## Work item
Each line below should be retyped exactly, with no pictures.

## Data below
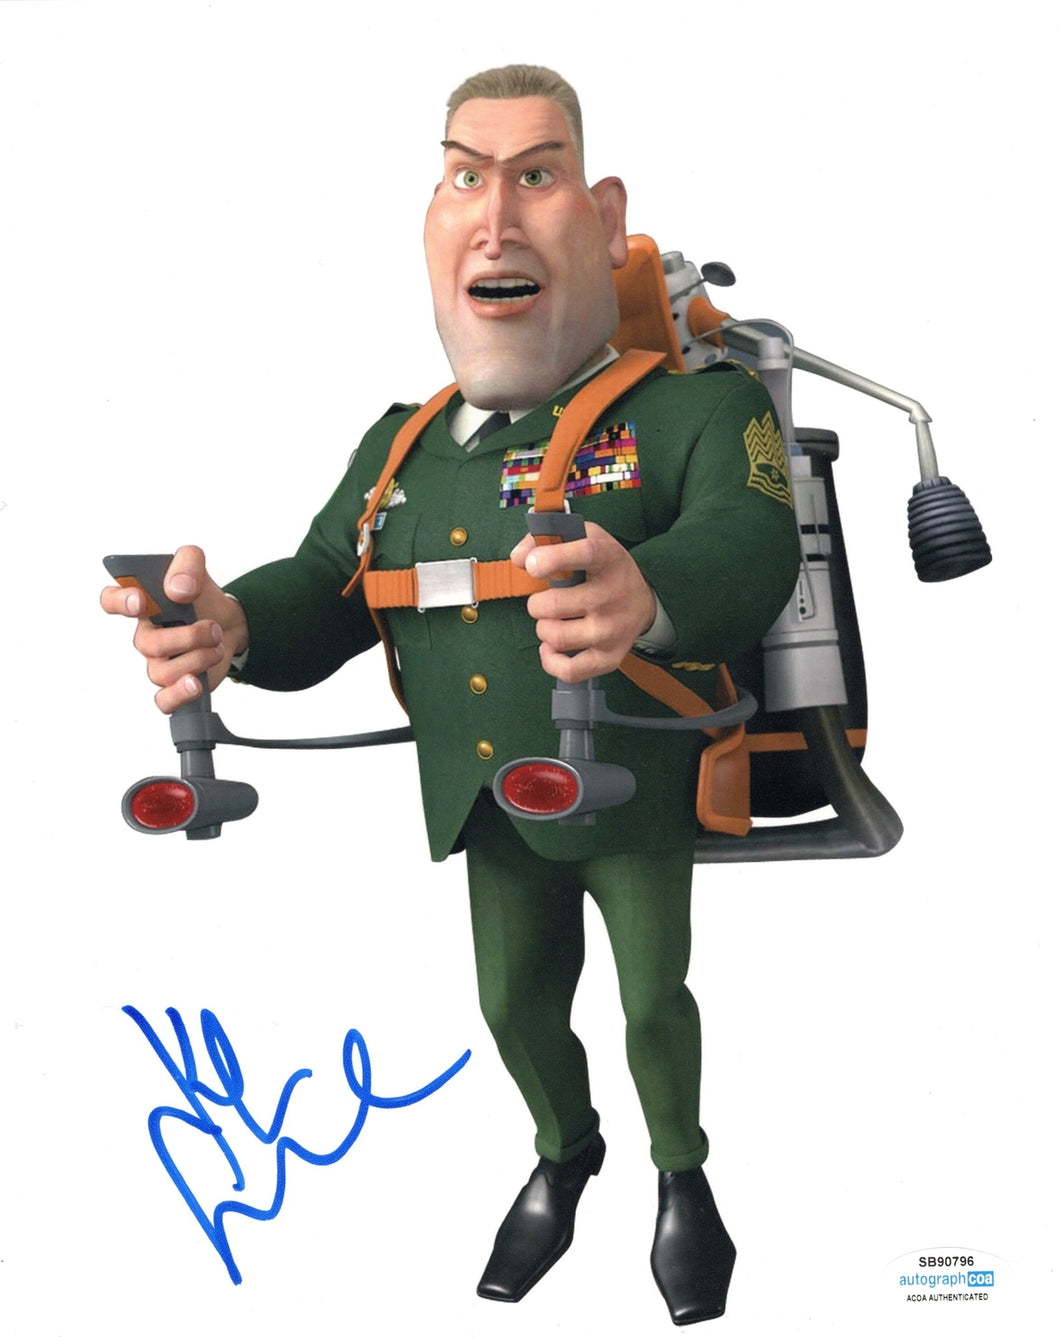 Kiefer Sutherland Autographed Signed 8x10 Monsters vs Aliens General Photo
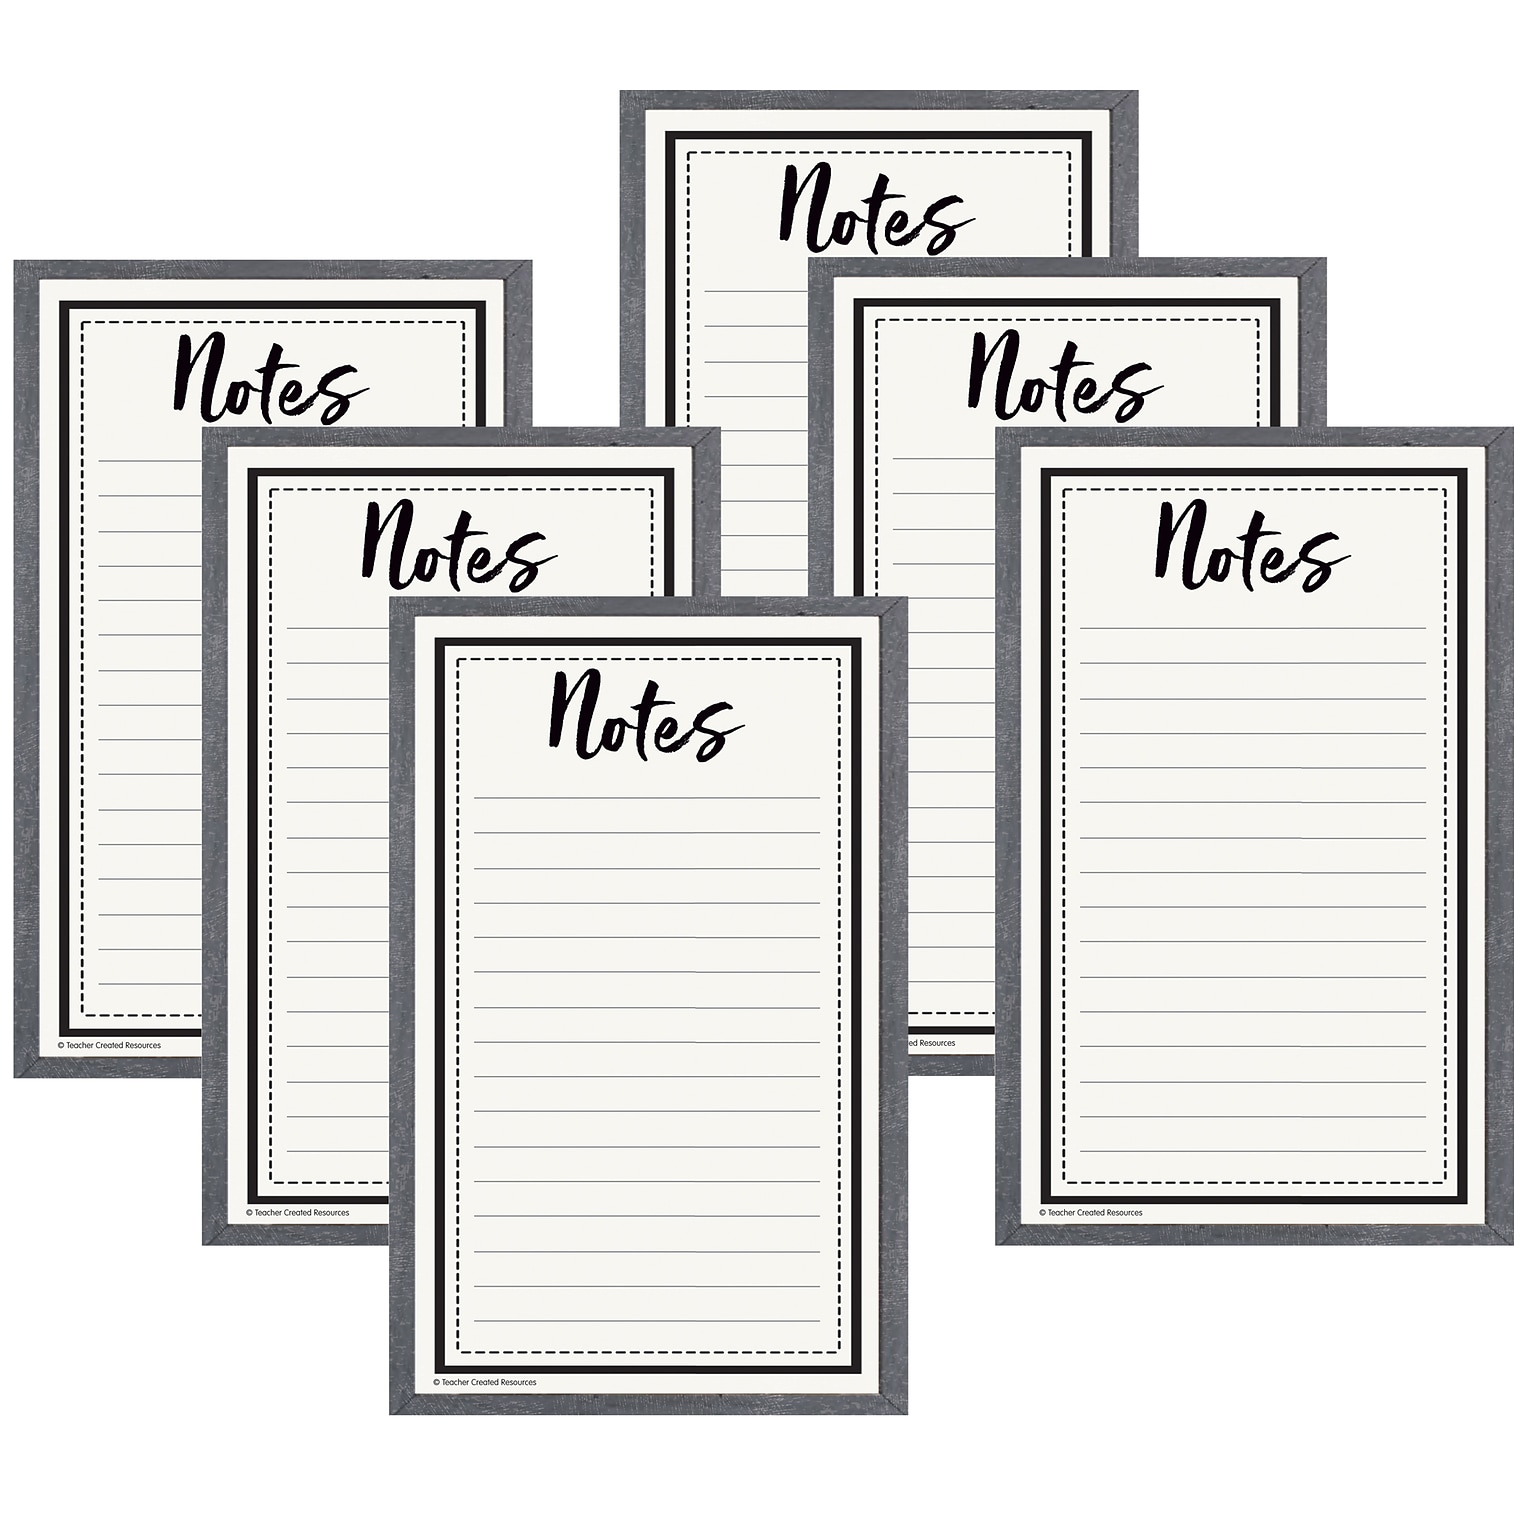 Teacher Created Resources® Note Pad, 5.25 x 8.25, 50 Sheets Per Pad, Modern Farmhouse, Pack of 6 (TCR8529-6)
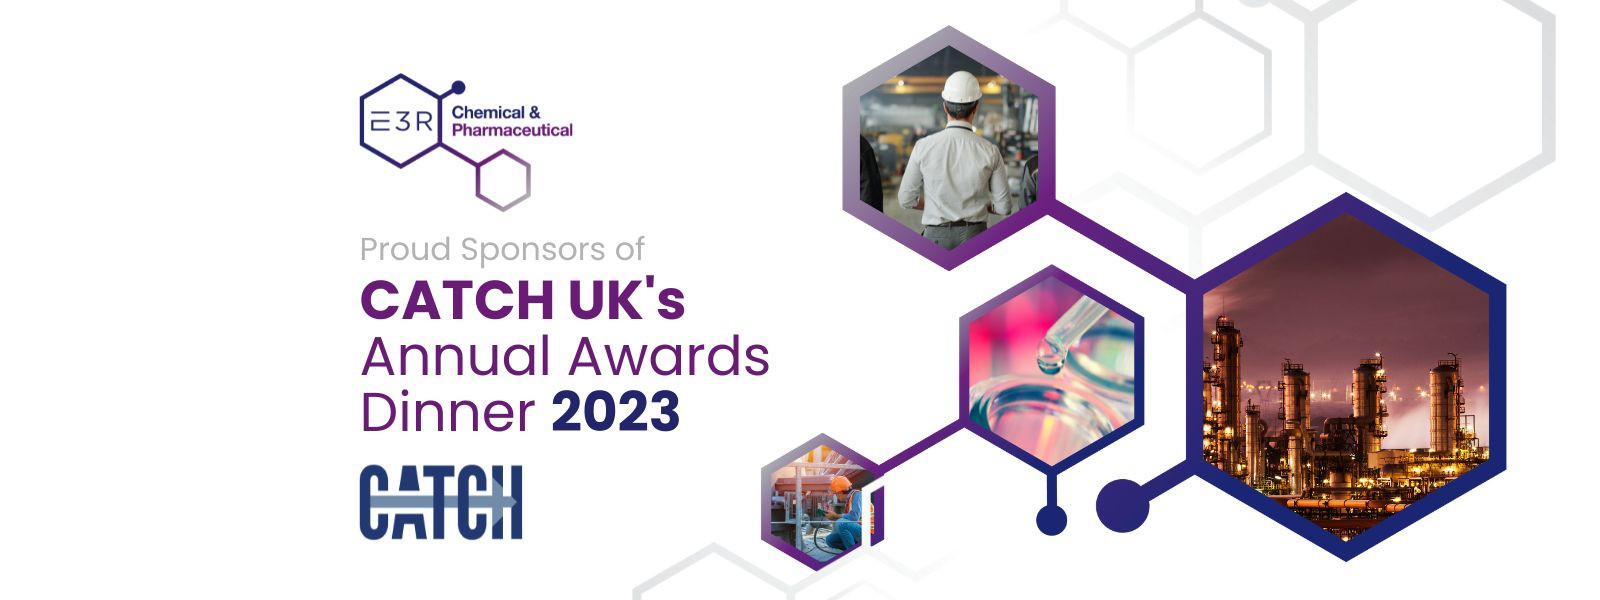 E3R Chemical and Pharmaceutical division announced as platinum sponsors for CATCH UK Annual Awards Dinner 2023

## Answer space
 Kiefer Sutherland Autographed Signed 8x10 Monsters vs Aliens General Photo
 Teacher Created Resources® Note Pad, 5.25 x 8.25, 50 Sheets Per Pad, Modern Farmhouse, Pack of 6 (TCR8529-6)
 E3R Chemical and Pharmaceutical division announced as platinum sponsors for CATCH UK Annual Awards Dinner 2023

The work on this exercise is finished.